The mother of the man who committed suicide after crossing the barrier of the Capitol speaks out | washington d.c.

The mother of a Delaware man who took his own life after breaking into a US Capitol barricade over the weekend says she believes he suffered from traumatic brain injury growing up playing football.

Richard Aaron York III‘s mother, Tamara Cunningham, said she suspected his high school football past had left him with chronic traumatic encephalopathy, a brain condition colloquially known as CTE. Some football players develop CTE from repeated blows to the head that are common in the sport.

“Something had been going on for a while,” Cunningham told the Guardian in an interview on Tuesday. “And it was getting progressively worse.”

A diagnosis of CTE can only be definitively established with a post-mortem brain autopsy. Cunningham said she requested one from a private doctor as well as the local coroner’s office, but was unable to schedule the procedure immediately.

Nevertheless, in previous cases where CTE was eventually confirmed in football players and athletes of other violent sports, families suspected that their loved ones had previously suffered from the disease due to behavior they considered erratic. or aggressive.

Cunningham expressed his thoughts about his son as police continue to investigate what may have motivated York to direct his car to a barricade outside the Capitol in washington d.c. early on Sunday.

Because the case unfolded after federal agents raided former President Donald Trump’s Florida home on Aug. 8, some have questioned whether the actions of York, 29, were politically motivated.

After all, a gunman enraged by the FBI’s search of Trump’s home for records kept there without permission had attempted to break into a bureau’s field office in Ohio on August 11. Authorities eventually shot the would-be intruder to a standoff.

But, noting that Congress is in the middle of its annual August recess, police said they don’t believe York was specifically targeting anyone working on Capitol Hill.

And York’s mother said on Tuesday she had no idea her son was so close to politics or that he supported Trump – in fact, she believed his voter registration qualified him as a Democrat.

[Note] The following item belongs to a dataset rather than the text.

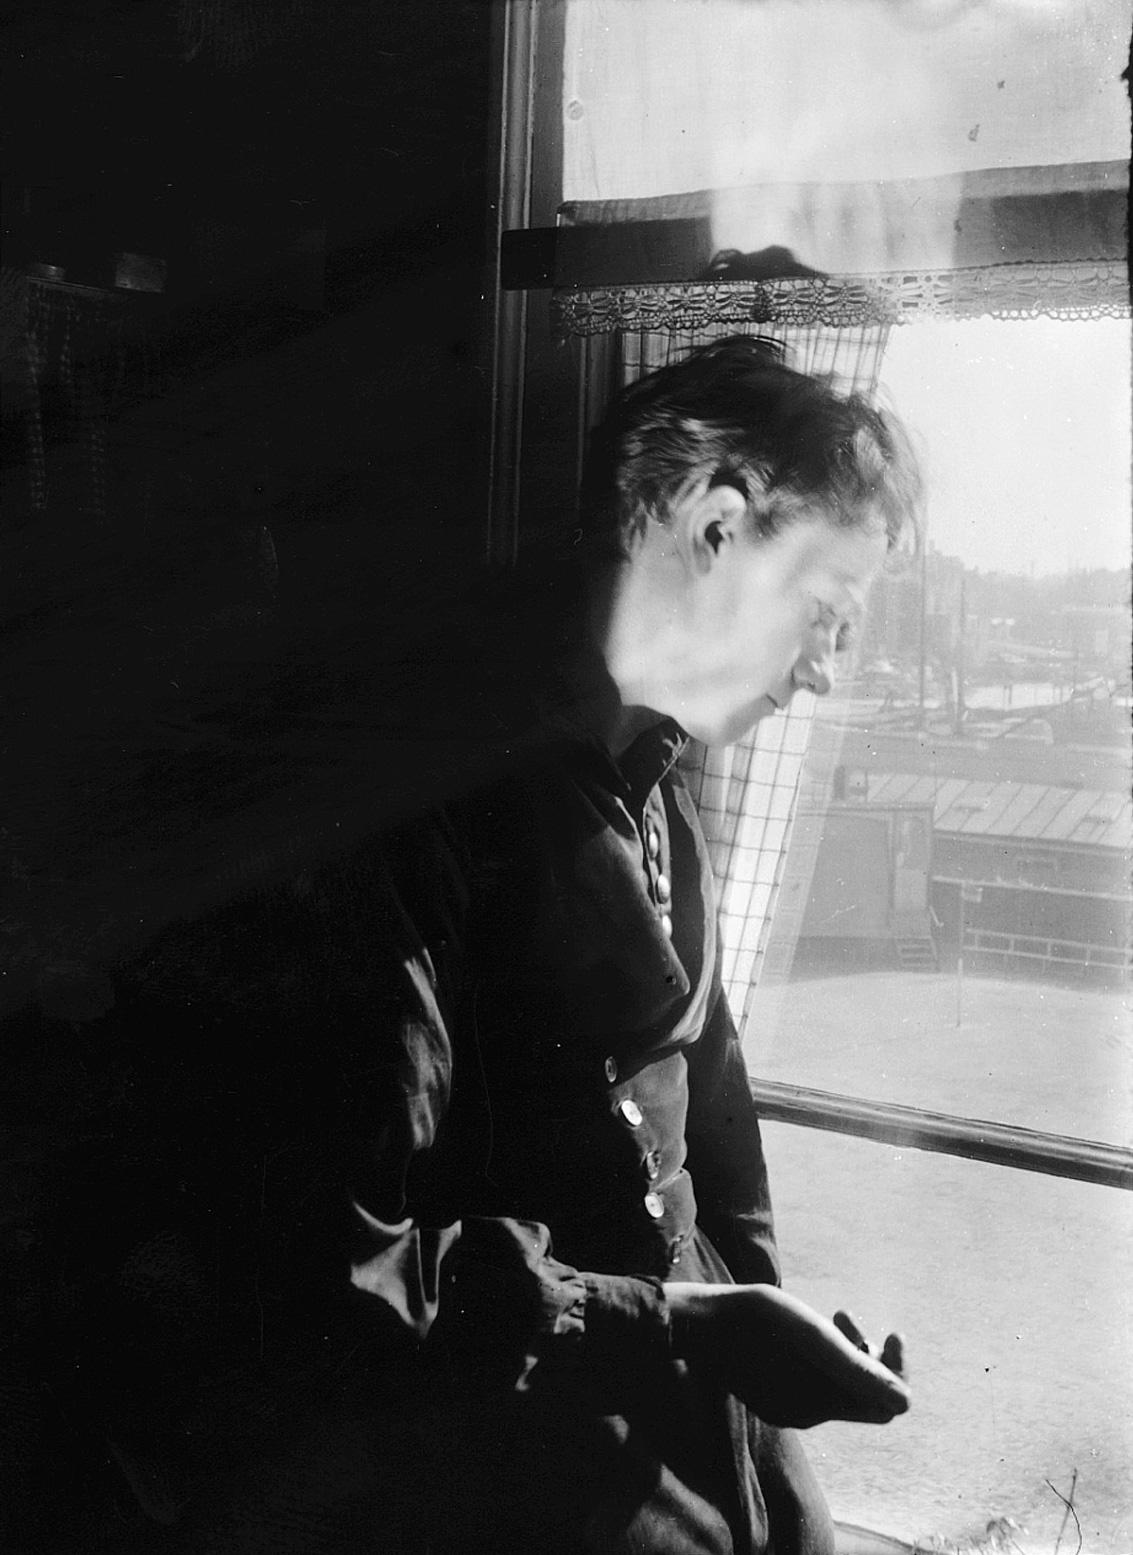 Melle schilder | zelfportret , glasnegatief op fotopapier

“We’re just not that kind of family,” Cunningham said when asked if there was anything politically motivated about his son on Sunday.

Richard Aaron YorkIII.
Richard Aaron YorkIII. Photography: Courtesy of Tamara Cunningham

Instead, investigators appear to view York’s violent death as the latest episode in a life marred by legal troubles over the past decade.

York, of Dagsboro, Delaware, pleaded guilty to domestic violence charges after police accused him of choking and assaulting his pregnant girlfriend in 2012, according to the news site. Lehigh Valley Live.

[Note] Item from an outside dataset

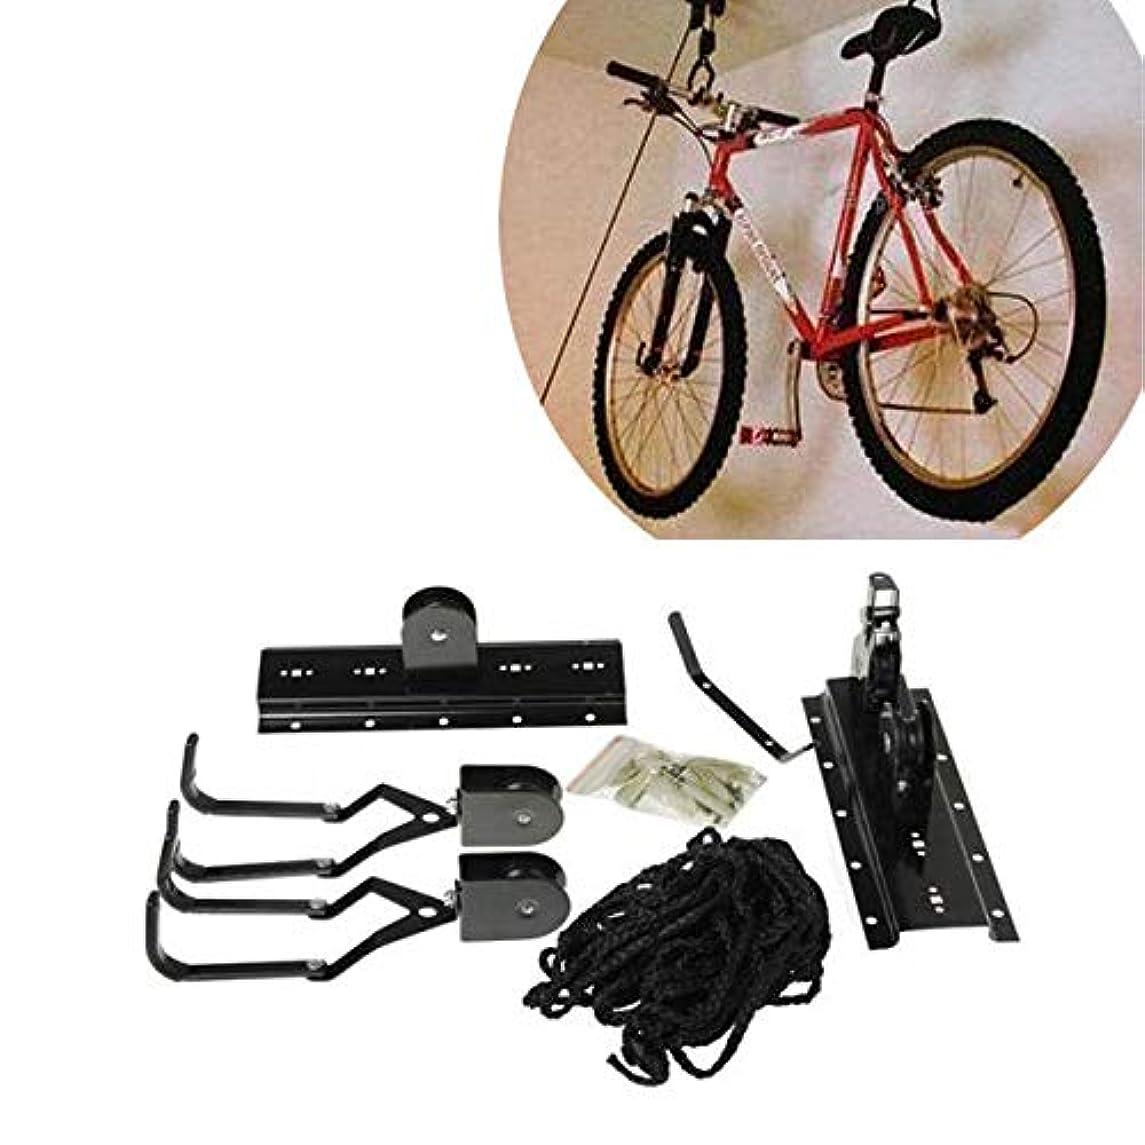 Bicycle Shelf Storage Rack Mount Hanger Hook Garage Wall Bike Holder Racks House Bicycle Wall Mounted Stands - Car Racks

He also reportedly pleaded guilty to assault and property damage charges in early 2020 after a colleague on a roofing job accused York of attacking him at his home, the Pennsylvania newspaper Morning Call reported. reported. The colleague was reportedly injured in the face and head, and York was sentenced to approximately seven months in prison as well as two years probation.

Around 4 a.m. Sunday, York drove a car into a barricade on the east side of the Capitol. His vehicle was engulfed in flames as he got out of his car, possibly because he had set it on fire, and he began firing a gun in the air, police officers said. Capitol.

The commotion prompted Capitol police officers to approach him, and as they approached, York killed himself, authorities said. No one else was hurt.

For many, York’s death brought to mind the April 2021 murder of Capitol Police officer Billy Evans. He was killed by a Virginia man who drove his car into a Capitol barricade.

Meanwhile, in 2013, Capitol police shot and killed a Connecticut woman near a checkpoint after she crashed her car into a White House barricade and drove away speeding down Pennsylvania Avenue.

The drivers in each of these cases suffered from mental illness, according to various media.

Cunningham said his son did too. She said she knew he had been on medication for it, although she did not know the details of the diagnoses or treatments he had received.

Cunningham made it a point on Tuesday to discuss some of his son’s best days. York cooked breakfast and made coffee for her grandmother every day, and regularly indulged in spirited card games, she said.

He visited Cunningham and her fiancé most weekends, regularly accompanying them to car races and other celebratory events. He was the father of a nine-year-old boy who he didn’t see often but adored whenever he spent time with him, Cunningham added.

“When he was working,” Cunningham said of York, “he was a wonderful, wonderful person.”